Conventional cancer treatment modalities often suffer from significant side effects, prompting the exploration of novel therapeutic strategies. Nanodrug delivery systems hold promise for cancer therapy due to their enhanced biocompatibility, potential for targeted drug delivery via surface functionalization, and the possibility of reduced side effects. ZnO-NPs have emerged as promising candidates in this arena, with several studies demonstrating their efficacy against various cancers [49,52,53,54,55]. The proposed mechanisms of action for ZnO-NP-mediated cytotoxicity include the generation of reactive oxygen species (ROS) within cancer cells, leading to apoptosis, cell cycle arrest, necrosis, and membrane damage [56]. This ROS production can also indirectly impact cellular DNA. Additionally, the nanoscale size of ZnO-NPs may facilitate their penetration into the nucleus of cancer cells, potentially enabling interaction with genetic material [57]. Furthermore, their high biocompatibility makes them attractive candidates for various therapeutic applications [58]. Notably, the enhanced solubility of ZnO-NPs compared to other nanoparticles may contribute to their amplified cytotoxic effects on diverse cancer cell lines [59].

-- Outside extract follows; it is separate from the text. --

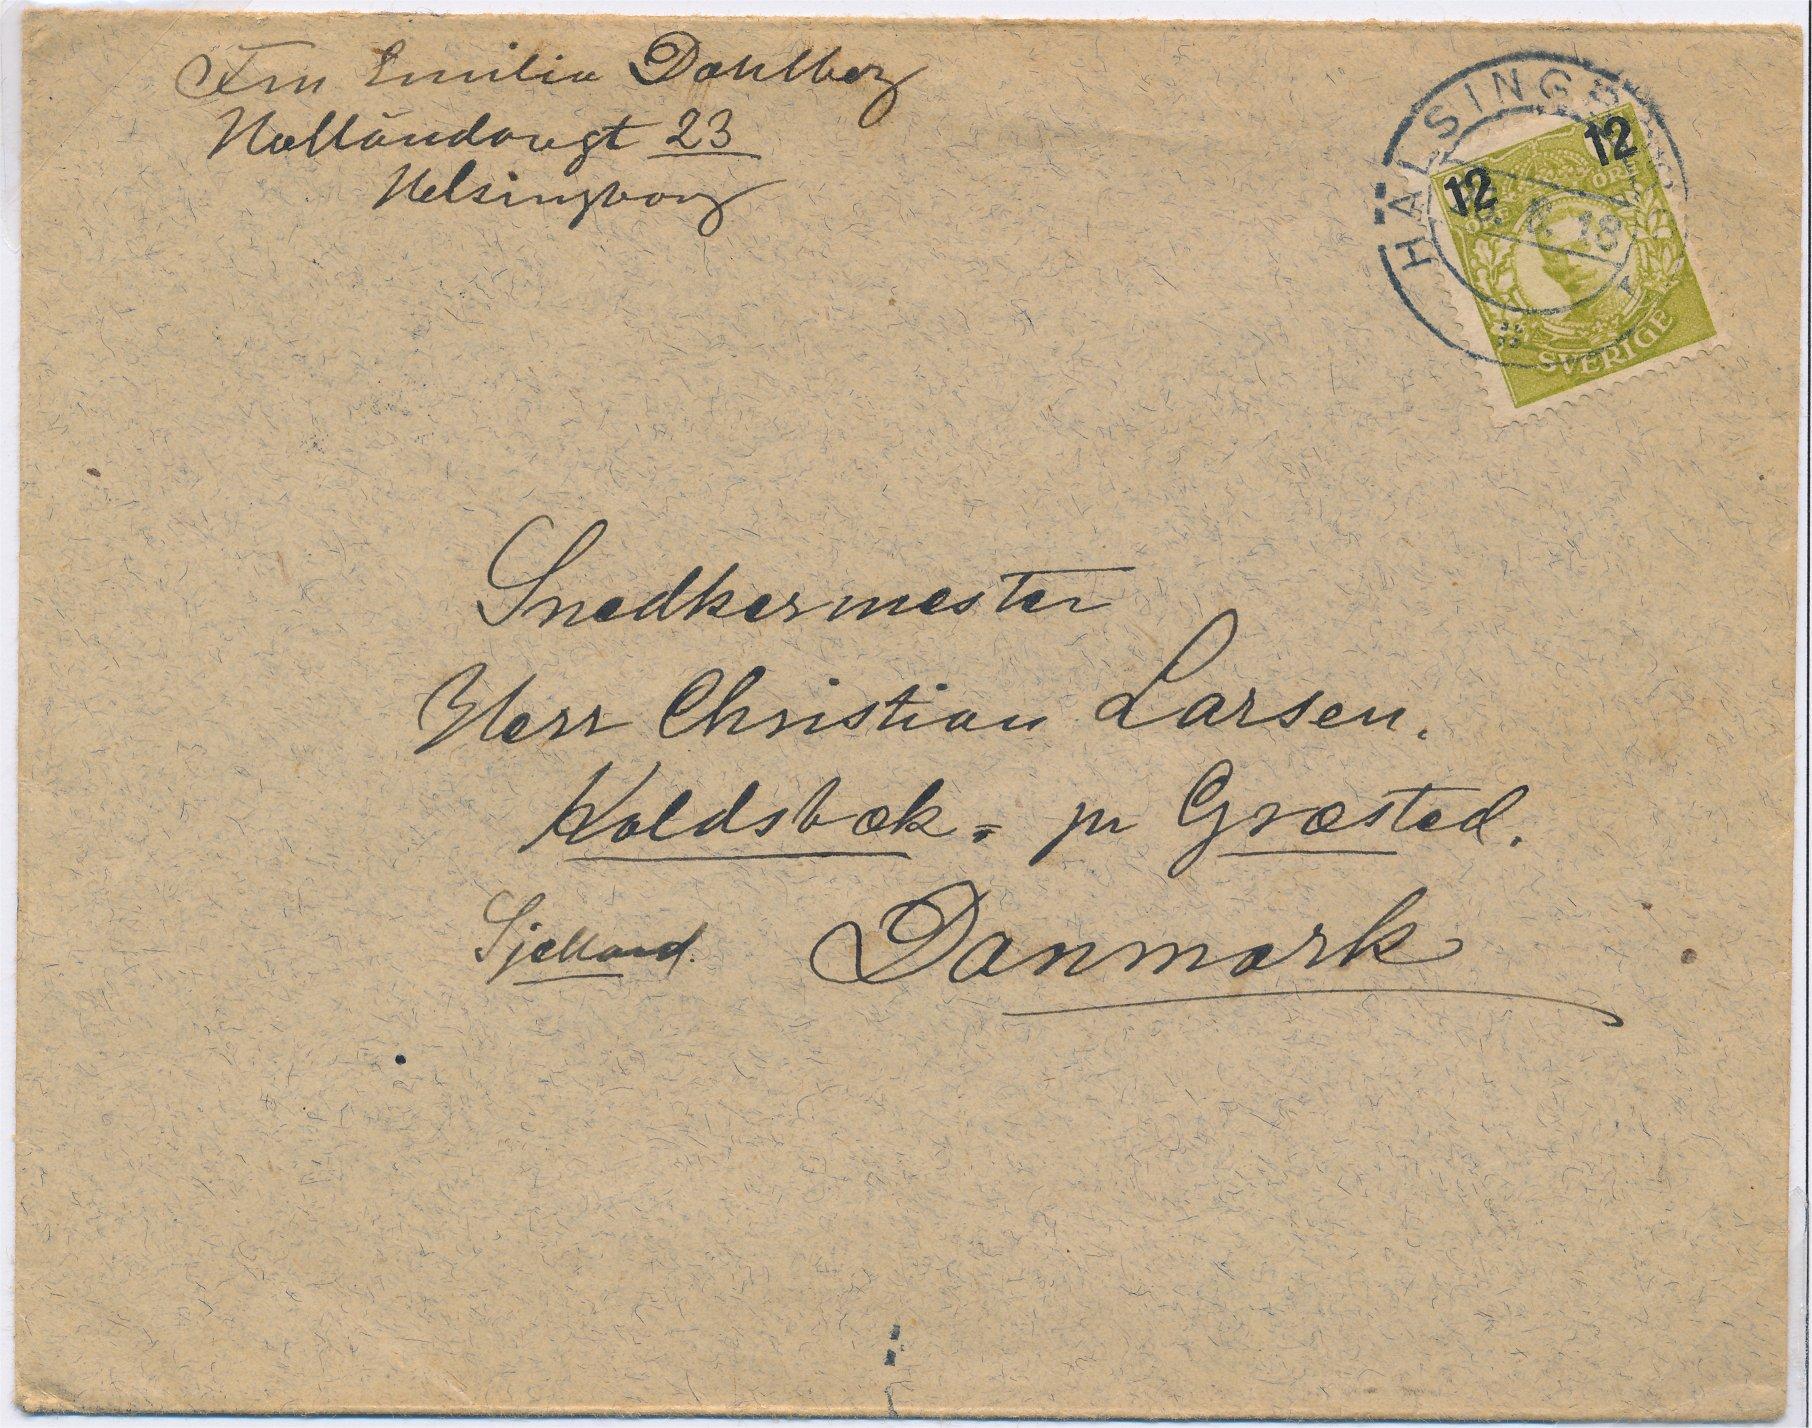 12_halsingborg_25_6_1918

Next, we employed the MTT assay to evaluate the cytotoxic potential of S. hirsuta-mediated ZnO-NPs against MCF-7 and Hep-2 cancer cell lines. Both cell lines exhibited a significant dose-dependent decrease in cell viability upon ZnO-NP treatment. MCF-7 cells displayed a maximum viability of approximately 60.5% at the highest tested concentration of ZnO-NPs (100 µg/mL). Similarly, Hep-2 cell viability was reduced to around 35.2% at the same concentration (Figure 6). These findings suggest a potentially greater efficacy of S. hirsuta-mediated ZnO-NPs against Hep-2 cells compared to MCF-7 cells. The calculated IC50 values, representing the concentration required to inhibit cell viability by 50%, were 73.01 µg/mL and 112.74 µg/mL for Hep-2 and MCF-7 cells, respectively. Notably, previous studies have reported similar cytotoxic activities of synthesized ZnO-NPs against MCF-7 [60] and Hep-2 [61] cell lines, corroborating our observations.

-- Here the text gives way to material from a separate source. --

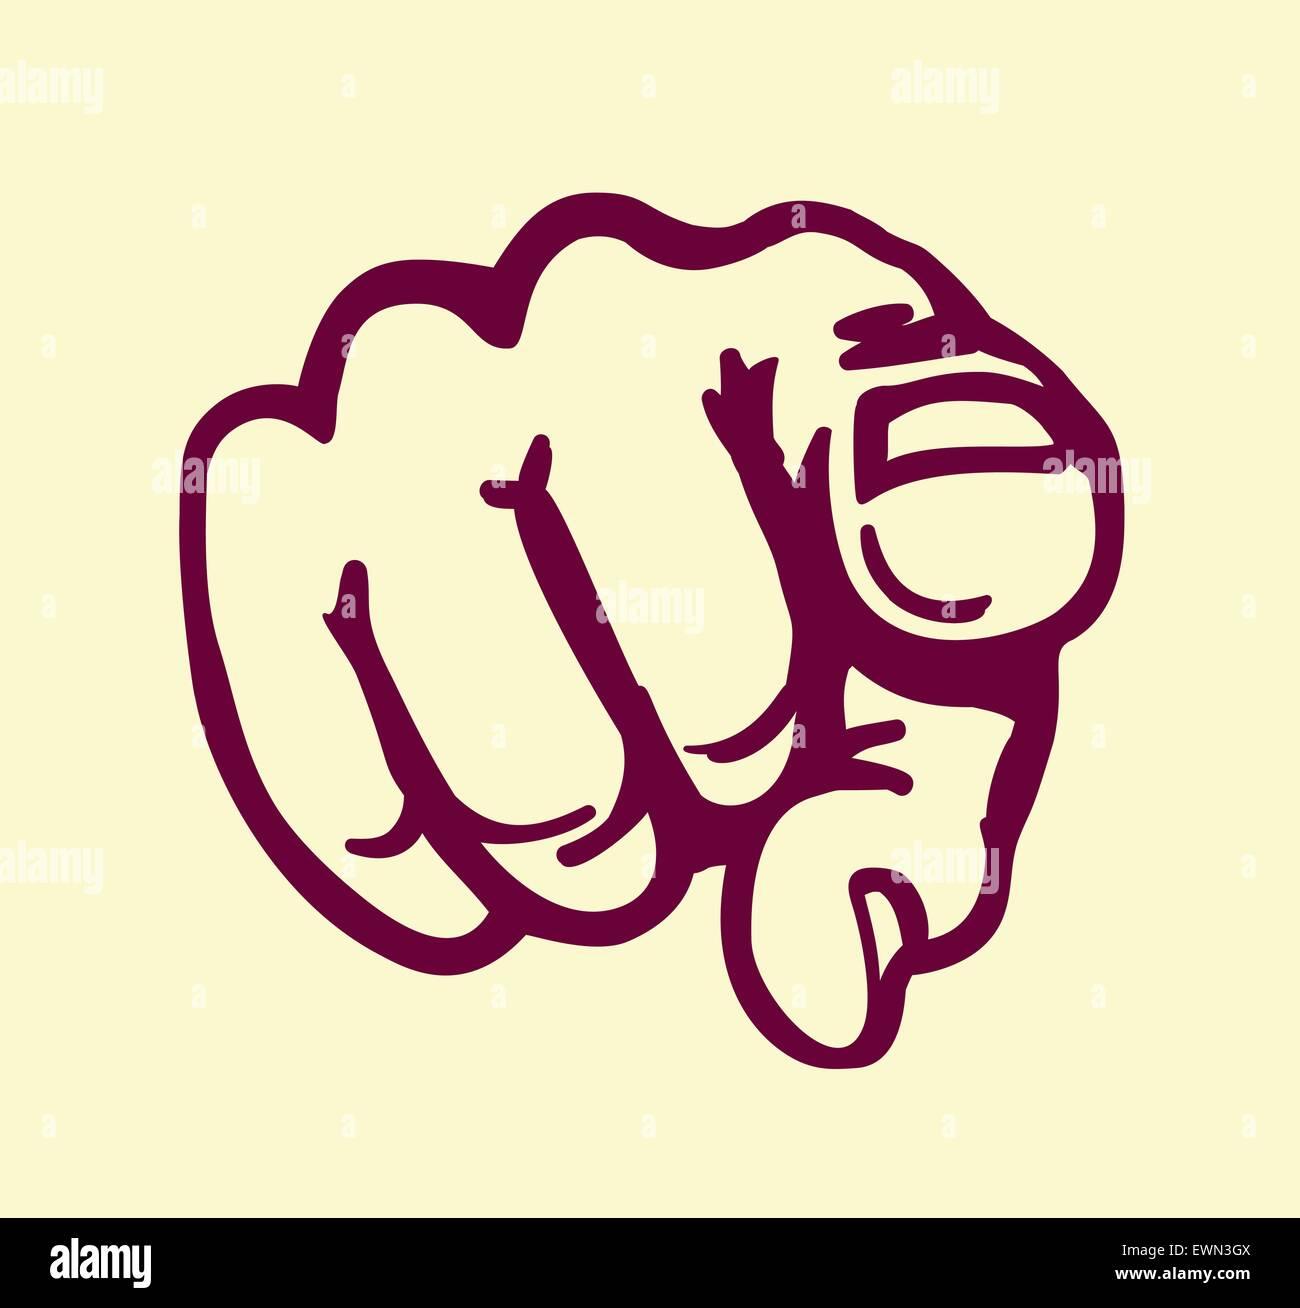 I want you! vintage pointing finger vector illustration, design element - Stock Vector

To assess the impact of S. hirsuta-mediated ZnO-NPs on cellular morphology, MCF-7 and Hep-2 cells were treated with varying concentrations encompassing the established IC50 values (Figure 7). This approach revealed dose-dependent morphological changes in both cell lines following a 24 h exposure to ZnO-NPs (0, 50, and 100 µg/mL). Treated cells exhibited shrinkage, detachment from the culture surface, distorted cell shapes, and the formation of blebs, contrasting with the homogenous, even, and uniform adherence pattern observed in untreated control cells. These morphological alterations are hallmarks of cellular stress and are consistent with the antiproliferative effects of ZnO-NPs reported in previous studies [61,62]. We further conducted a comparative analysis of cytotoxic activity. A prior study reported a 43% cytotoxicity in Hep-2 cells exposed to a lower concentration (20 µg/mL) of synthetic ZnO-NPs for 24 h [61]. In contrast, our findings demonstrate a higher cytotoxic activity (64.82%) for S. hirsuta-mediated ZnO-NPs simultaneously. This discrepancy might be due, in part, to the biogenic nature of our ZnO-NPs. Preliminary screening results revealed the S. hirsuta filtrate exhibited varying degrees of anticancer activity against MCF-7 and Hep-2 cell lines. This suggests inherent bioactivity within the filtrate, with surface-associated secondary metabolites potentially contributing a synergistic cytotoxic effect with the ZnO core.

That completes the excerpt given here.